== TASK ==
Please copy, exactly as they appear below, the lines from the one containing "Jade Black with" through the one containing "Guaidó libera a".

### RECORDS SUPPLIED

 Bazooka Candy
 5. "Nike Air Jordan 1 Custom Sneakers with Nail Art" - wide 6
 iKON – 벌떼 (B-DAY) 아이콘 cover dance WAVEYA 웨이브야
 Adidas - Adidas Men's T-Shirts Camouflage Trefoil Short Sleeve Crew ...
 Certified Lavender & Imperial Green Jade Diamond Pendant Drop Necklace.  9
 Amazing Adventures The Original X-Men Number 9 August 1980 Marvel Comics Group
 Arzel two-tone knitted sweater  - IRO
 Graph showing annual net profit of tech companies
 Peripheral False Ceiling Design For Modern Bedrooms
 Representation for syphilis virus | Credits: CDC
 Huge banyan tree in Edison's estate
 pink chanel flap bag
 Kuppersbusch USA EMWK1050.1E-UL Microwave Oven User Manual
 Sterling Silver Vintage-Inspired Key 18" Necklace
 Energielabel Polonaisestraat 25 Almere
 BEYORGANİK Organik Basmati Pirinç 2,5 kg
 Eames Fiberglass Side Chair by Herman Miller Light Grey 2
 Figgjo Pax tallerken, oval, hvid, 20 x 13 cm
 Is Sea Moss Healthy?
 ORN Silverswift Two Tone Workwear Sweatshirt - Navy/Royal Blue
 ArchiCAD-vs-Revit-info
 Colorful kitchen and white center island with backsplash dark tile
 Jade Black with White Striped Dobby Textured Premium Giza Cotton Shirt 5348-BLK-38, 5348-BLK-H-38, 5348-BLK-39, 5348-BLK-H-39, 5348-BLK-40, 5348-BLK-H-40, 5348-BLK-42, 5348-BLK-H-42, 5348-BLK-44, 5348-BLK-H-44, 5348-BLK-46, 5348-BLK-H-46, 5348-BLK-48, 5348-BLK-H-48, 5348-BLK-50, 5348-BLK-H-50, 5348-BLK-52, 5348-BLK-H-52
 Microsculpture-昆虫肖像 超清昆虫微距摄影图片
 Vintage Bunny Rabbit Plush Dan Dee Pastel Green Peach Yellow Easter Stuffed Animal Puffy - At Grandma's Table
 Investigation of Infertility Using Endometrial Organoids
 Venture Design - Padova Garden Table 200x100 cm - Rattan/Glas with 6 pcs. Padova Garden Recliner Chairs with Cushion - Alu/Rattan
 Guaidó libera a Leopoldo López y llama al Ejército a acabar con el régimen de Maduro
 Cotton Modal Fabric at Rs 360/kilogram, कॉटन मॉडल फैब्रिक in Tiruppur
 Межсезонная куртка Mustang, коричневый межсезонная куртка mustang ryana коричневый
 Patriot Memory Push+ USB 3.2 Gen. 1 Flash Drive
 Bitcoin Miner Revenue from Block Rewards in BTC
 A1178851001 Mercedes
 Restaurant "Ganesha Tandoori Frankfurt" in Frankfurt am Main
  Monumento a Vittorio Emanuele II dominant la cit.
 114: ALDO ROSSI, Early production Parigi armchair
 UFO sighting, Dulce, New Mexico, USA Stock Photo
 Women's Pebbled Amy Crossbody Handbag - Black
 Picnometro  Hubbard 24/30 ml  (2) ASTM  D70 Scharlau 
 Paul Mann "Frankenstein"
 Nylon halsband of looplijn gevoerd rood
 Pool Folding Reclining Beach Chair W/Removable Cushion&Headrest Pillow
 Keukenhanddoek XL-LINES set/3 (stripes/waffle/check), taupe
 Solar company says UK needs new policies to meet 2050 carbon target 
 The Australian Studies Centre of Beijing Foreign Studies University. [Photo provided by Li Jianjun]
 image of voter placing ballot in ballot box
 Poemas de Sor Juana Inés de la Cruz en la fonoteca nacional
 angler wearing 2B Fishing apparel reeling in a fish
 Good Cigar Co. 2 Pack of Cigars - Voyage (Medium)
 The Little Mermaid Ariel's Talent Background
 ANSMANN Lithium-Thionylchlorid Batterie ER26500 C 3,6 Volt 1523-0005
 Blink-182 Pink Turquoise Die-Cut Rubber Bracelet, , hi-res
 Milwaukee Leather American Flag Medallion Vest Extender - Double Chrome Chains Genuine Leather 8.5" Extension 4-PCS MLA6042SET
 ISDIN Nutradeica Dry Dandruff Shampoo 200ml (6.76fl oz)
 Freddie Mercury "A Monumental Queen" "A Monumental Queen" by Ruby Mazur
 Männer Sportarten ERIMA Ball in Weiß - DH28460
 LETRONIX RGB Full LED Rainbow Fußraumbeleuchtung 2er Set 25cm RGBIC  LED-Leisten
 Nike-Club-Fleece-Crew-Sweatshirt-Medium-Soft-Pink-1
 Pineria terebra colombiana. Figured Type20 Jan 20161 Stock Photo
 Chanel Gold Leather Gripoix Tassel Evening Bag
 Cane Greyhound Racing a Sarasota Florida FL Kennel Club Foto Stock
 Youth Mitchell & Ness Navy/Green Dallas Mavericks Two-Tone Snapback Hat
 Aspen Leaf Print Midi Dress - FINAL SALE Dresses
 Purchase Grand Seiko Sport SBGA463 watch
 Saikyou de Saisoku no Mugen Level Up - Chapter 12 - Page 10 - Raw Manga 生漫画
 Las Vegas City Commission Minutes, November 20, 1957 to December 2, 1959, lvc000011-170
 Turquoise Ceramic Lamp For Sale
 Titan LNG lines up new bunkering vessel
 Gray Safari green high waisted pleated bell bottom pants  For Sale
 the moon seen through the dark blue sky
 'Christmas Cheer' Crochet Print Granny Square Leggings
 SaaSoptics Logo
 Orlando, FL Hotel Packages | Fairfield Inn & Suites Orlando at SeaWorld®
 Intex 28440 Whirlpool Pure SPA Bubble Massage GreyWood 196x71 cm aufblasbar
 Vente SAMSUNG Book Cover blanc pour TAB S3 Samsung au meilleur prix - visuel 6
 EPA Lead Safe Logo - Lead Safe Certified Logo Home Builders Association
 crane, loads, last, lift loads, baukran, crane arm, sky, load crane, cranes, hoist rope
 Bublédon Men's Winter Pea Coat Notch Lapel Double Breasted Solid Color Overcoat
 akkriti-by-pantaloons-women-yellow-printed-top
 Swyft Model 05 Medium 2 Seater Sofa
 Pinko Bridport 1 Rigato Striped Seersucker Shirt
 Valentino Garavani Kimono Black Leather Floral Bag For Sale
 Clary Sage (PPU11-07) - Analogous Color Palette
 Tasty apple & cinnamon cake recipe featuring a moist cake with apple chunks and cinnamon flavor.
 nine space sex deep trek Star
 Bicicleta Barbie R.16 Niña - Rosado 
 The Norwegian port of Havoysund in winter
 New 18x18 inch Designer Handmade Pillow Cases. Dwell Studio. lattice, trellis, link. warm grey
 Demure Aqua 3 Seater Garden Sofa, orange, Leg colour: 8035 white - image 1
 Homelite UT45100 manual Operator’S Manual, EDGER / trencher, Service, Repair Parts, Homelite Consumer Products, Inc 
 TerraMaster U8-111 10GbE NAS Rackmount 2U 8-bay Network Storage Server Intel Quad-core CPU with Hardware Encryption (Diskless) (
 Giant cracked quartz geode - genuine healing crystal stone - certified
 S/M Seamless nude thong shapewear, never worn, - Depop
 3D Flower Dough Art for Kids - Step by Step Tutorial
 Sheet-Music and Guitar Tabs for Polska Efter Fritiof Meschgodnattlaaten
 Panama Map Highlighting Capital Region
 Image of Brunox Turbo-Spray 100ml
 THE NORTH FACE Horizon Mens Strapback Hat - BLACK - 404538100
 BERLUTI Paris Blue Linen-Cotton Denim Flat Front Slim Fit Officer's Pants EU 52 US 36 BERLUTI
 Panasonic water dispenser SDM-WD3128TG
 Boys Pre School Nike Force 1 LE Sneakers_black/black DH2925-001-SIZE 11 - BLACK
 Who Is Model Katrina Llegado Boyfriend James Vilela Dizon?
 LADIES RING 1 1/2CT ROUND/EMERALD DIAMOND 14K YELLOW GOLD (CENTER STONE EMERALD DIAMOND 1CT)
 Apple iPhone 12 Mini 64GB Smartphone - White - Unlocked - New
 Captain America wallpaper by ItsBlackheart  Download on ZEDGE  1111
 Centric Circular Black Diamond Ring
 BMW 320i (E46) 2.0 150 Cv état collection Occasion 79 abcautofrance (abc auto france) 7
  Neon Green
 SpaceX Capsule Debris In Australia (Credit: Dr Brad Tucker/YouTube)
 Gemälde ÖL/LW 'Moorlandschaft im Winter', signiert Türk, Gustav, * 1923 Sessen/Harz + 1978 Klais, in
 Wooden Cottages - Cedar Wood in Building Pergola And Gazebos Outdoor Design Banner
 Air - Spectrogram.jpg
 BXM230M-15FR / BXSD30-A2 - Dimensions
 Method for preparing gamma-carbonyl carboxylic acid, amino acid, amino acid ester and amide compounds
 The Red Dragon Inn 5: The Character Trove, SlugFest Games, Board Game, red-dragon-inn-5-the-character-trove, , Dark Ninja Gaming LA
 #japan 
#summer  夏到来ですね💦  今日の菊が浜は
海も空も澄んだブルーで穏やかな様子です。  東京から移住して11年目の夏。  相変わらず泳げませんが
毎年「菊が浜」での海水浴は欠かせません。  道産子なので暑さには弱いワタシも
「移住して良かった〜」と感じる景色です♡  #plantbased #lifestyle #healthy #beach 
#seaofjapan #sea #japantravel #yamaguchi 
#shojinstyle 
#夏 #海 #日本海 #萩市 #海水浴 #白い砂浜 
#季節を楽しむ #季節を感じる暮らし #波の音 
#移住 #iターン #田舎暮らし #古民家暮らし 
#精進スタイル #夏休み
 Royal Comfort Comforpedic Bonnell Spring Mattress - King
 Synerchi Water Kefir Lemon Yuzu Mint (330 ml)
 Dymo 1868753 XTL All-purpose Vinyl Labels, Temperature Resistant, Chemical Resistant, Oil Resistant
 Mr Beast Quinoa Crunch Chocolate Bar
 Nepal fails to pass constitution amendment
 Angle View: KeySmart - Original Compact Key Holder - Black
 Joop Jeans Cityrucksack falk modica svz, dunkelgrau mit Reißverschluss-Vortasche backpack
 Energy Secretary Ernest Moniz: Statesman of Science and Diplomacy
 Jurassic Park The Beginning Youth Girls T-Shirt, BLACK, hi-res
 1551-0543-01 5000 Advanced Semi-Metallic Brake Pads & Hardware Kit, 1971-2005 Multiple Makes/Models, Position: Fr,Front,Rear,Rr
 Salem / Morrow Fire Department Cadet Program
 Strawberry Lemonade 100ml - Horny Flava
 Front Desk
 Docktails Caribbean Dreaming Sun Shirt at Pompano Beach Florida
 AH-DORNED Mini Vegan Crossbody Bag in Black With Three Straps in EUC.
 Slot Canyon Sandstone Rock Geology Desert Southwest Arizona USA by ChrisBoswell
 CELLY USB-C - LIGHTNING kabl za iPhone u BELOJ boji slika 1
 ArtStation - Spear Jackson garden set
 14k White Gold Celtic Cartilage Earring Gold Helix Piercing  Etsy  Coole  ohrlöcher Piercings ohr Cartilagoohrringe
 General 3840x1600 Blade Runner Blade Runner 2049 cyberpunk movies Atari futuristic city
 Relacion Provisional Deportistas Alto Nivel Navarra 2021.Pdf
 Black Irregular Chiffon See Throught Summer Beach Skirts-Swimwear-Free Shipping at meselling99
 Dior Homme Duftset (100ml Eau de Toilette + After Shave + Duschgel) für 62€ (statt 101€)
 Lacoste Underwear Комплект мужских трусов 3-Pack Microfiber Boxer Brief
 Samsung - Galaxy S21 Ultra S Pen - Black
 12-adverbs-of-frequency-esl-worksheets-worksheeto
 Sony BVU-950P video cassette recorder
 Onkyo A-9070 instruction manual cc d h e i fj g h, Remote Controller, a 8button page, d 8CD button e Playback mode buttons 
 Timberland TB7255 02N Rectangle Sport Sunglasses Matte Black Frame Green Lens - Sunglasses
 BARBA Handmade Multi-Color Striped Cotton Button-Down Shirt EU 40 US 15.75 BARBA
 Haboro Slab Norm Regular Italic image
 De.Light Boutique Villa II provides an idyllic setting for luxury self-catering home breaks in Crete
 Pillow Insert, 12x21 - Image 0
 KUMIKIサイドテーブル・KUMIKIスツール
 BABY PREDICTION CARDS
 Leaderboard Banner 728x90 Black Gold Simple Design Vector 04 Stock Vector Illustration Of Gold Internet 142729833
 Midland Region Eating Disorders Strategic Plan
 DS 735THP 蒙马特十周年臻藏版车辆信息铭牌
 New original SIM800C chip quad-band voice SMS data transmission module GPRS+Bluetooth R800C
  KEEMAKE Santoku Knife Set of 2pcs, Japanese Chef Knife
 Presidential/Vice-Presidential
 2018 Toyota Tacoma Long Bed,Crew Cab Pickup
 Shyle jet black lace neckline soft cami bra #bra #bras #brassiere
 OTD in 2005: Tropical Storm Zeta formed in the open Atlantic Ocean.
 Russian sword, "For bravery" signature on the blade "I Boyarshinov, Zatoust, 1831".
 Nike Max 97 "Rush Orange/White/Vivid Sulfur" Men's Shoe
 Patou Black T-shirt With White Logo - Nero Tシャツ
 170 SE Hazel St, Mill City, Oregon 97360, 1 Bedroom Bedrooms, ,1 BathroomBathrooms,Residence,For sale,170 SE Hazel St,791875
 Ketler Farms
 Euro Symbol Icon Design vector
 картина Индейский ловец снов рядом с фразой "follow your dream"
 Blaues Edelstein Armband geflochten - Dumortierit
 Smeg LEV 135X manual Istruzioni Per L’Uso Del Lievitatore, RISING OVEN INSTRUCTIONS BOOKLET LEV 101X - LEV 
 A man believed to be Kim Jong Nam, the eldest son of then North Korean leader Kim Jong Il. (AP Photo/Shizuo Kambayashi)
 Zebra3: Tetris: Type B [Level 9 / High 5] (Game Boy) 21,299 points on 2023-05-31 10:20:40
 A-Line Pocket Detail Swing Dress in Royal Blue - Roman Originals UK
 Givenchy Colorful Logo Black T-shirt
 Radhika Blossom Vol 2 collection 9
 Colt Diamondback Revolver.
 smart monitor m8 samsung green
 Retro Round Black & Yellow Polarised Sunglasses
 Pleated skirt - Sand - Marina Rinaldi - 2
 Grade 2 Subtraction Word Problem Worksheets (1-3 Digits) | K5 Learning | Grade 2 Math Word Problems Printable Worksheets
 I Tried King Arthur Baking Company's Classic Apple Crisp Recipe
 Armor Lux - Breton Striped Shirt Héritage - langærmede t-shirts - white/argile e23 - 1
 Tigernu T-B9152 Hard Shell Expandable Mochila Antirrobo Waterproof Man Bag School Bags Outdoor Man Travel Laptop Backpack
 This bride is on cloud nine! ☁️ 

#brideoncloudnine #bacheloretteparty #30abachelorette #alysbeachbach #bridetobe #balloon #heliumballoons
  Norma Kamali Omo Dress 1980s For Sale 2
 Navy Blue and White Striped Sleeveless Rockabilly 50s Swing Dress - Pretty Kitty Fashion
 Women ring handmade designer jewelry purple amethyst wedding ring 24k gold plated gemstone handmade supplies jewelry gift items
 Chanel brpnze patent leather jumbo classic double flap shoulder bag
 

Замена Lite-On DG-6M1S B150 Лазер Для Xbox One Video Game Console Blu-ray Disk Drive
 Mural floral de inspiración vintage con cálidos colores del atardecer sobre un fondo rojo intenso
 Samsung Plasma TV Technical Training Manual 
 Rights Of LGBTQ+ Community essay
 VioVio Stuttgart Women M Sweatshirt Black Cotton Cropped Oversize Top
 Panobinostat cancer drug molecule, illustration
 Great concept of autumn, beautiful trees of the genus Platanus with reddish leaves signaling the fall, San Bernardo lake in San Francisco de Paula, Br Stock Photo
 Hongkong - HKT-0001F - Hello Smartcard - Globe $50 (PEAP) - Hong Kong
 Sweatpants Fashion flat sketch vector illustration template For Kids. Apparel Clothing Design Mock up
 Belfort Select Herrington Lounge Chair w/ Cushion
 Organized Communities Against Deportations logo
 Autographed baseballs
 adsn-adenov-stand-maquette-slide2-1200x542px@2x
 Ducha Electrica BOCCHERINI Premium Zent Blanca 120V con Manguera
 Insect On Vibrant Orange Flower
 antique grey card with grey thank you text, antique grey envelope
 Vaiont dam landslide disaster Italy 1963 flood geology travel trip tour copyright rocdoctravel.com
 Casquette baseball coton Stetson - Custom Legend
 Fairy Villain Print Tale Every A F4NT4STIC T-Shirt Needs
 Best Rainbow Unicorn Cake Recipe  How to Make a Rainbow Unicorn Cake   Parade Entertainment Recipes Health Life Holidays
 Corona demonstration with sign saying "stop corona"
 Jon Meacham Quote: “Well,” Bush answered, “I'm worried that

######

== SOLVED EXERCISE ==
 Jade Black with White Striped Dobby Textured Premium Giza Cotton Shirt 5348-BLK-38, 5348-BLK-H-38, 5348-BLK-39, 5348-BLK-H-39, 5348-BLK-40, 5348-BLK-H-40, 5348-BLK-42, 5348-BLK-H-42, 5348-BLK-44, 5348-BLK-H-44, 5348-BLK-46, 5348-BLK-H-46, 5348-BLK-48, 5348-BLK-H-48, 5348-BLK-50, 5348-BLK-H-50, 5348-BLK-52, 5348-BLK-H-52
 Microsculpture-昆虫肖像 超清昆虫微距摄影图片
 Vintage Bunny Rabbit Plush Dan Dee Pastel Green Peach Yellow Easter Stuffed Animal Puffy - At Grandma's Table
 Investigation of Infertility Using Endometrial Organoids
 Venture Design - Padova Garden Table 200x100 cm - Rattan/Glas with 6 pcs. Padova Garden Recliner Chairs with Cushion - Alu/Rattan
 Guaidó libera a Leopoldo López y llama al Ejército a acabar con el régimen de Maduro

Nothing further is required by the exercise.